市政府大院里的知了还没开始叫唤,一份举报信已经摆到了省纪委的案头。举报人落款是田发军,举报对象是世界通集团,罪名写得很重——“侵吞兴州市国有集体资产”,矛头直指镜湖风景区的经营权。信里措辞激烈,引经据典,把三年前经营权转让过程中的一些程序瑕疵翻了个底朝天,字字句句都像是要把徐大志往墙上钉。

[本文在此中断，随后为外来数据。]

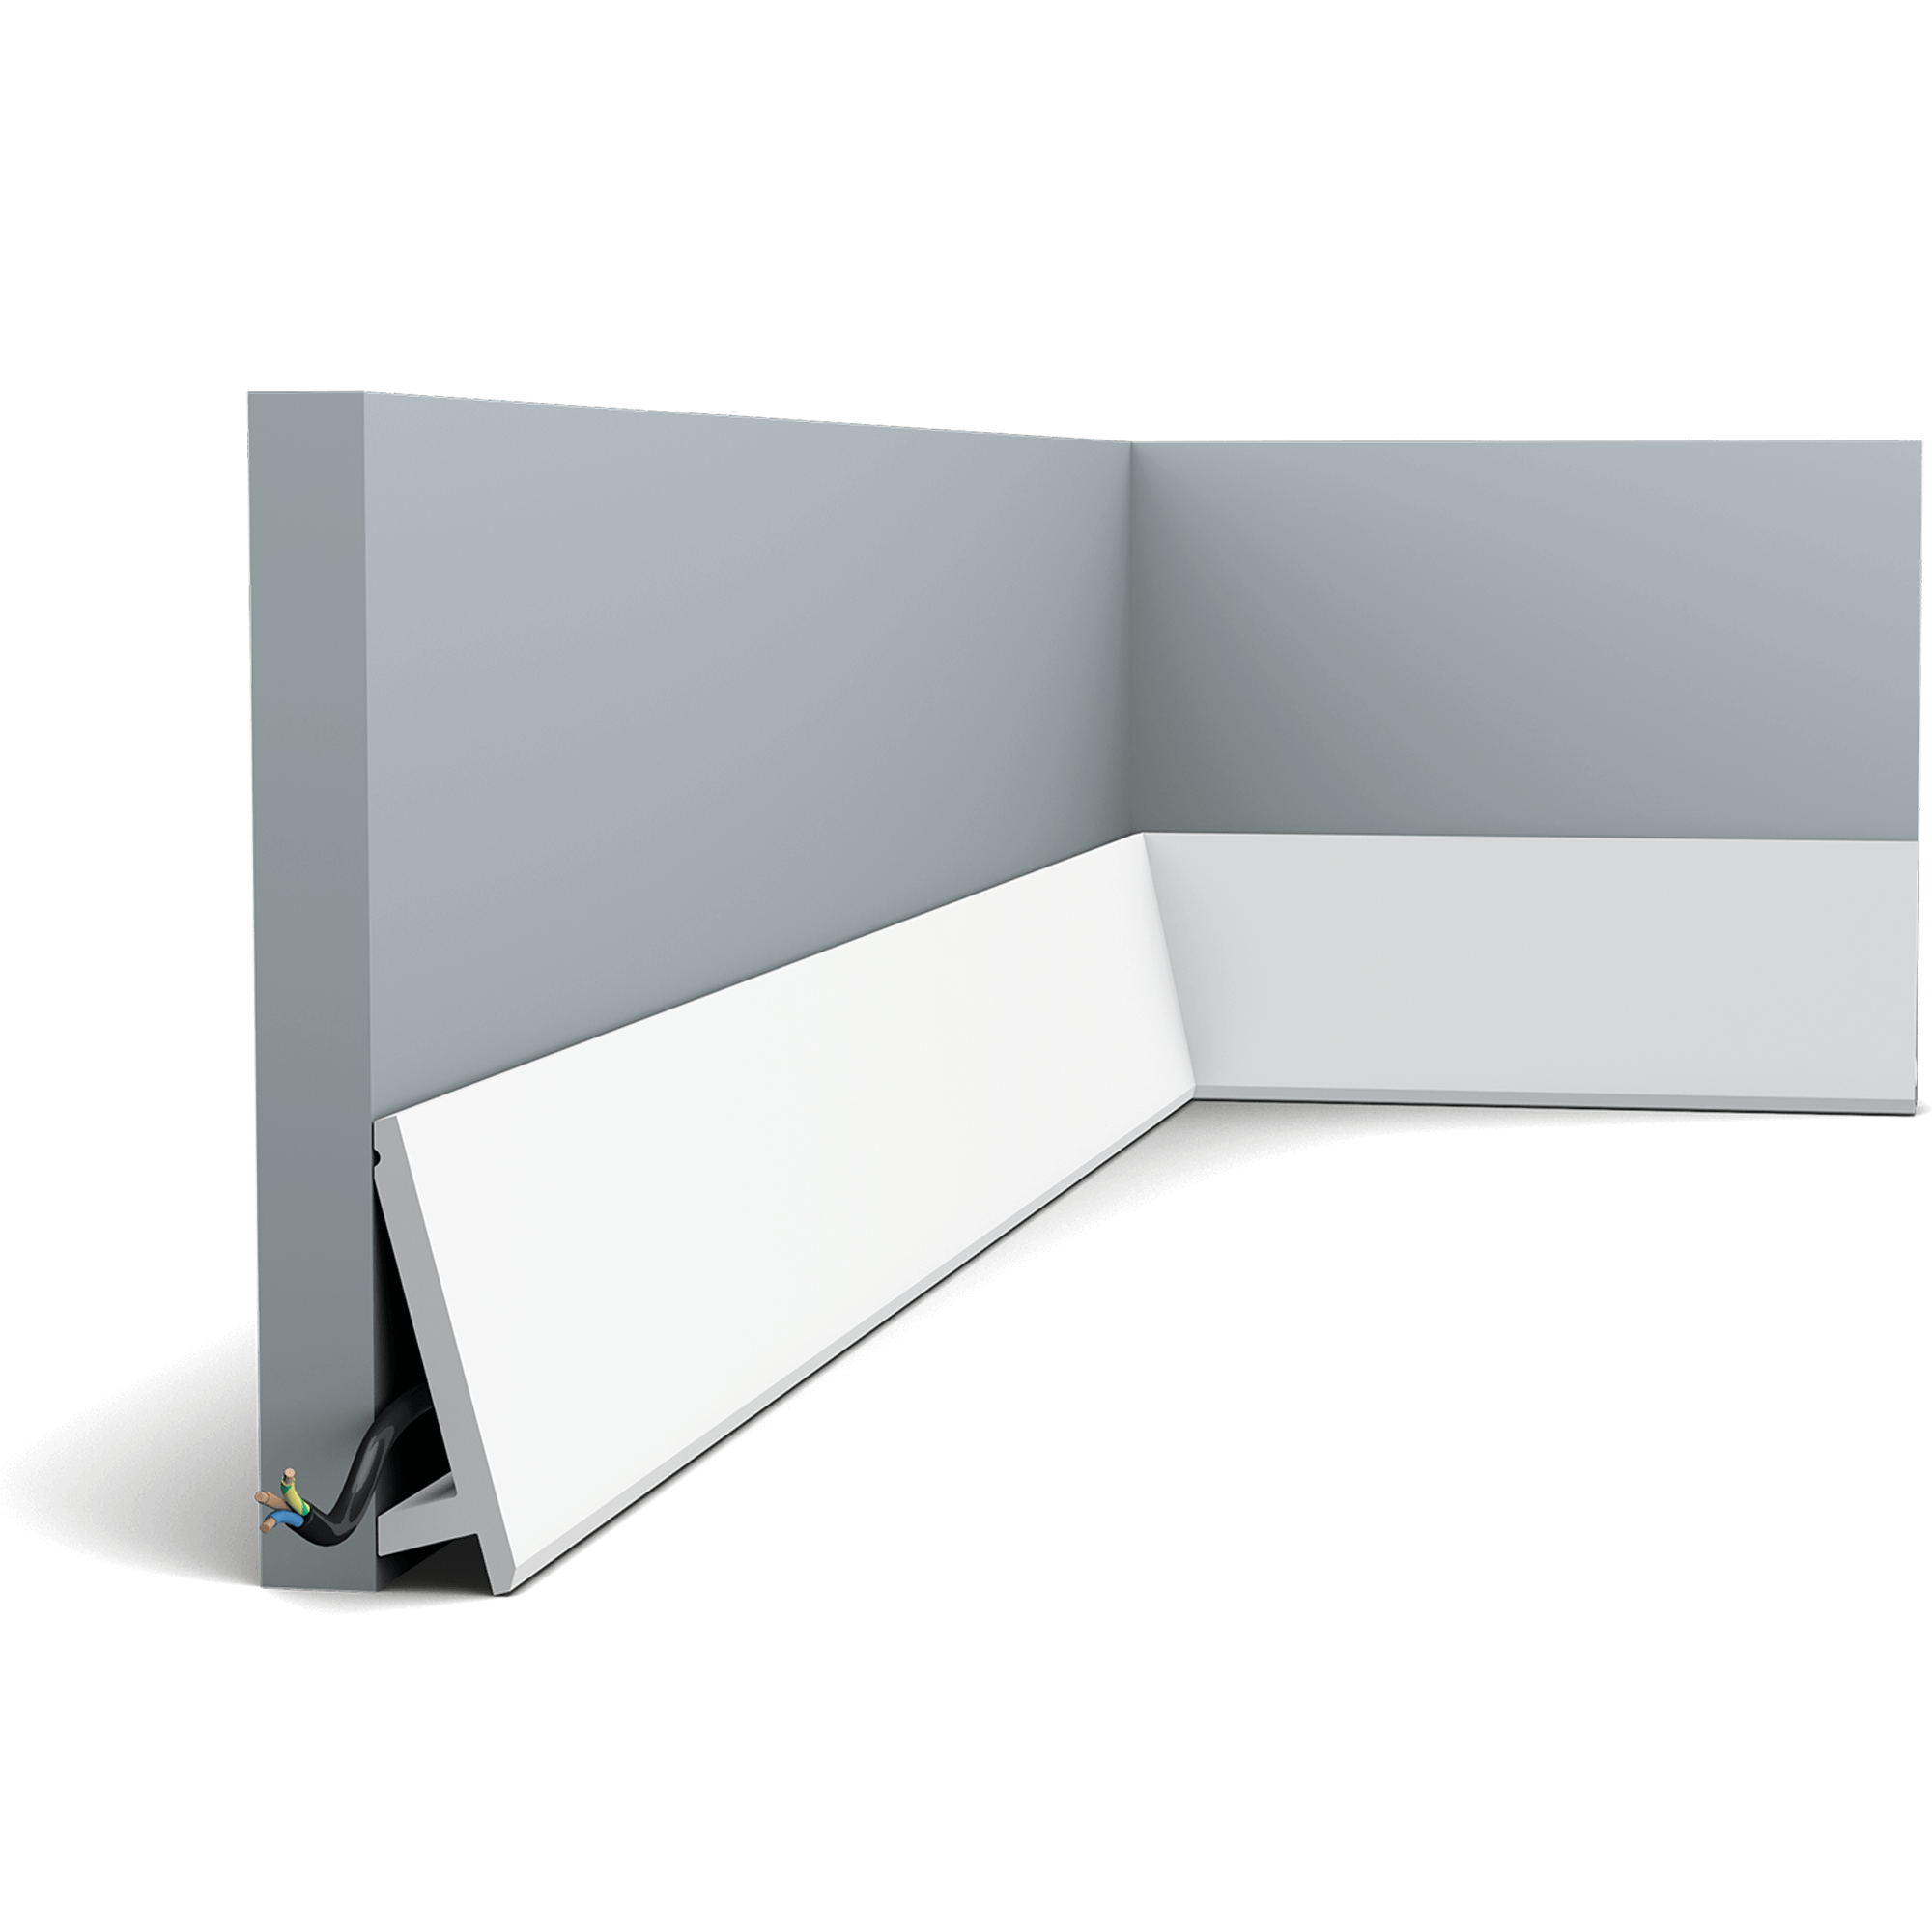 Clean, modern skirting board. Can also be used as up- or downlights.

田发军这个人,商场上有点头脸的人都知道。早年做过几年生意,赔多赚少,无非靠其姐夫赚了点钱,这一次,他背后站着的不是别人,正是王强军。

消息传得飞快。

林晓雨是在办公室接到电话的。省纪委来函协查的消息像一盆冷水从头顶浇下来,她握着听筒的手微微发紧,脑子里飞速转了一圈——镜湖风景区那个项目她经手过部分合同,知道经营权取得的程序确实不算完美,兴州为了招商引资,很多手续都是后补的,真要较真起来,能找出不止一两个漏洞。

她没有犹豫,放下电话就回了家。

林晓雨的父亲林国栋见女儿突然造访,他正在阳台上给一盆君子兰浇水,听见敲门声,慢悠悠地摘下眼镜。

“爸。”林晓雨站在门口,难得露出一丝踌躇。

林国栋看了女儿一眼,什么都没问,转身进了屋,从茶几下面拿出一包茶叶,慢条斯理地泡了两杯茶。蒸汽袅袅升起的时候,他才开口:“说吧,什么事。”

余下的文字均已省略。